Best answer: Similar situation here. I'm now so deliriously happy in my new job that I just feel sorry for people caught up in the web at the old place. And did I mention how ridiculously happy I am now? I don't have any more time or energy to waste on the past stuff.

Congratulations on the new job!
posted by harrietthespy at 12:07 PM on September 4, 2014

Best answer: Having been in a similar position I can totally empathize, but also say that it's totally natural to feel that way.

Leaving my last job felt like as much of bereavement as a death in the family in the sense of sadness, loss, regret, uncertainty and previous sense of myself and the world.

Being a witness to my own professional death through no choice of my own was heartbreaking, but I did survive, live on and found that with a new job, new friends and colleagues and a new purpose and impetus, my grief did too, and I now couldn't be happier.
posted by Middlemarch at 12:08 PM on September 4, 2014 [4 favorites]

Best answer: Treat it like a shitty breakup. You’re allowed to be bitter, and it’s healthy to express those feelings. Maybe not so much to your new employer, but elsewhere. What you’re going through is normal.

Getting into the groove with your job will help a lot, I think. When you get there, just focus on learning what you need to learn and doing what you need to do. New jobs are mentally exhausting no matter what, but they’re hiring you for a reason.
posted by dinty_moore at 12:23 PM on September 4, 2014 [1 favorite]

Best answer: The consultants simply verified that they were unaware of any better course of action than the one your team recommended. A "business lead" is a salesperson for your approach. You created it, and are now moving on to a better opportunity.
posted by lathrop at 12:28 PM on September 4, 2014

Best answer: betsybetsy and jazzbaby have it.

I spent a little over a year spinning my wheels as an in-house analyst at a company that just couldn't get out of their own way to utilize me in any meaningful way. It was supposed to be my "dream job" (and I moved across the country for it). That was incredibly frustrating, so I feel you.

I do the same thing now as a consultant, and a ton of my time is spent reiterating the same concepts I know these clients have heard many times before from industry conferences, peer groups, management coaches, white papers, and their own staff. Some people just don't like taking advice unless they paid dearly for it. :)
posted by nobejen at 5:04 PM on September 4, 2014 [1 favorite]

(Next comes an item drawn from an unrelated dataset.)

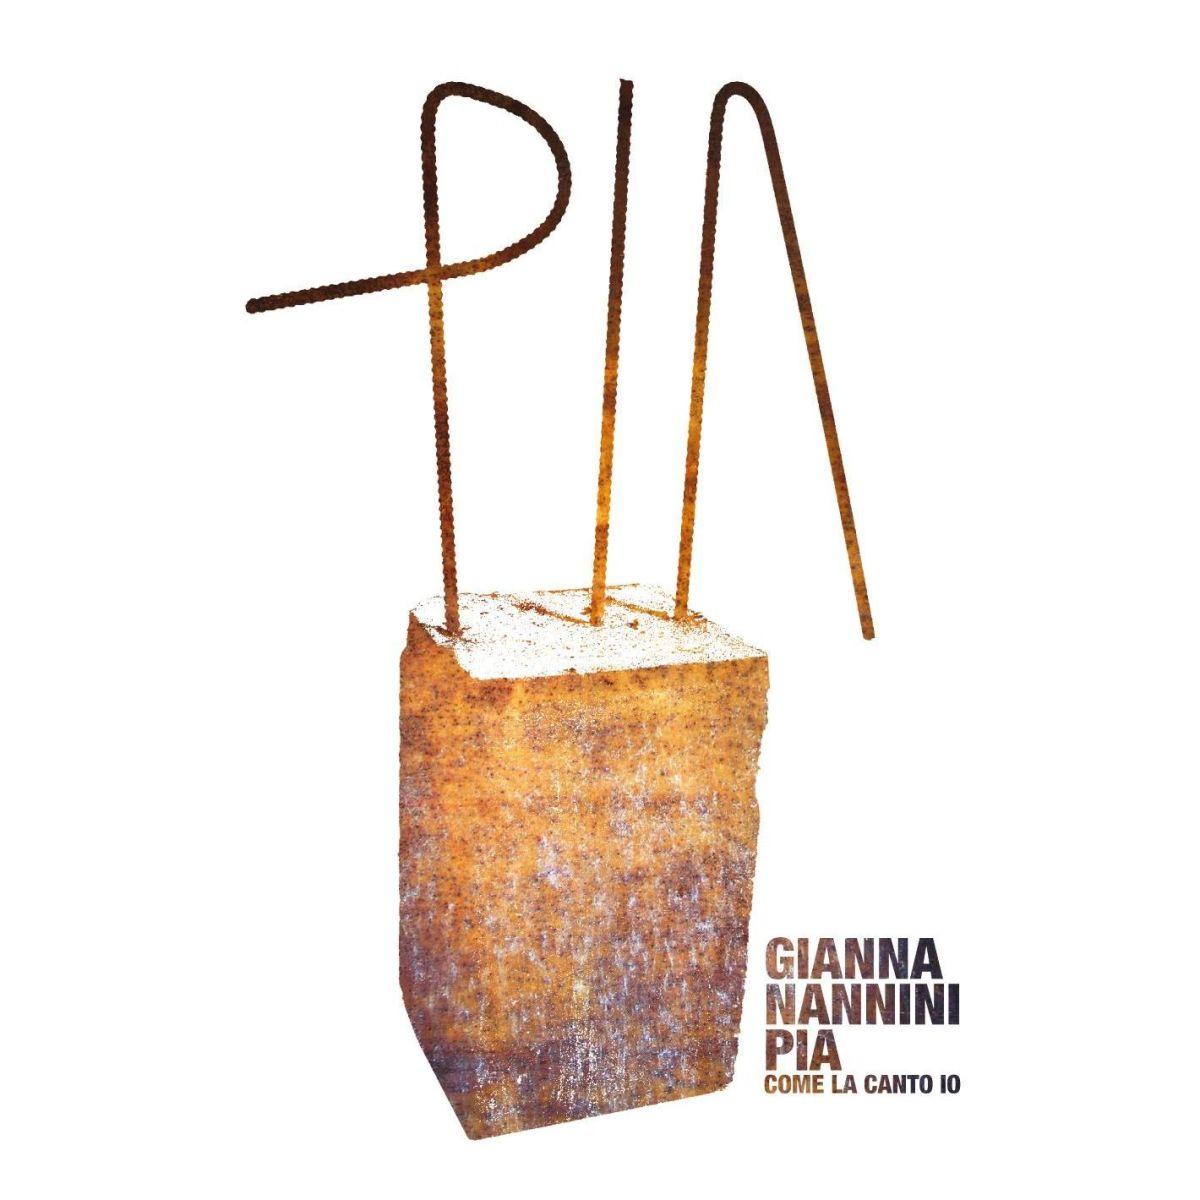 Il mito di Pia da Dante a Gianna Nannini e PiaPera

Best answer: While burning out at my last job, I used to say to myself, "I need to remember this. In a couple of months, when I'm frustrated with my new job and don't know what I'm doing, I will remember how bad this feels and know I made the right decision." It helped. Your new job is going to be awesome! But it'll have bad days, and maybe you'll tolerate them better if you remember what bad days were like at your crappy old job.

Also, you haven't moved on just yet. You might start your new job and be shocked by how little you care about the old one.
posted by orangejenny at 5:17 PM on September 4, 2014 [1 favorite]

Best answer: I kept a small journal in my purse, and when bad feelings/frustrations/random bullshit leeched over from OldJob to NewJob, I would just take a few minutes to write about my feelings in the journal, then stash it back in my purse (NEVER leave it in or on desk).

If someone passes by your desk, it just looks like you're making notes or putting your thoughts together, and it gives you a way to vent those bad feelings. After a few months, I didn't need the journal anymore.

I don't really journal in regular life, but it really helped me in the transition.
posted by jeoc at 5:35 PM on September 4, 2014

Best answer: Can you take a vacation out of town between jobs? Even a few days would be good, but get away to someplace different, someplace new. A change in routine and travel, even just to a nearby town, can do wonders. It could really help clear your mind, which will put you in a better mental place for a fresh start.
posted by bluedaisy at 6:30 PM on September 4, 2014 [1 favorite]

Response by poster: Thank you everyone! Lots of great answers, especially from those who have been there.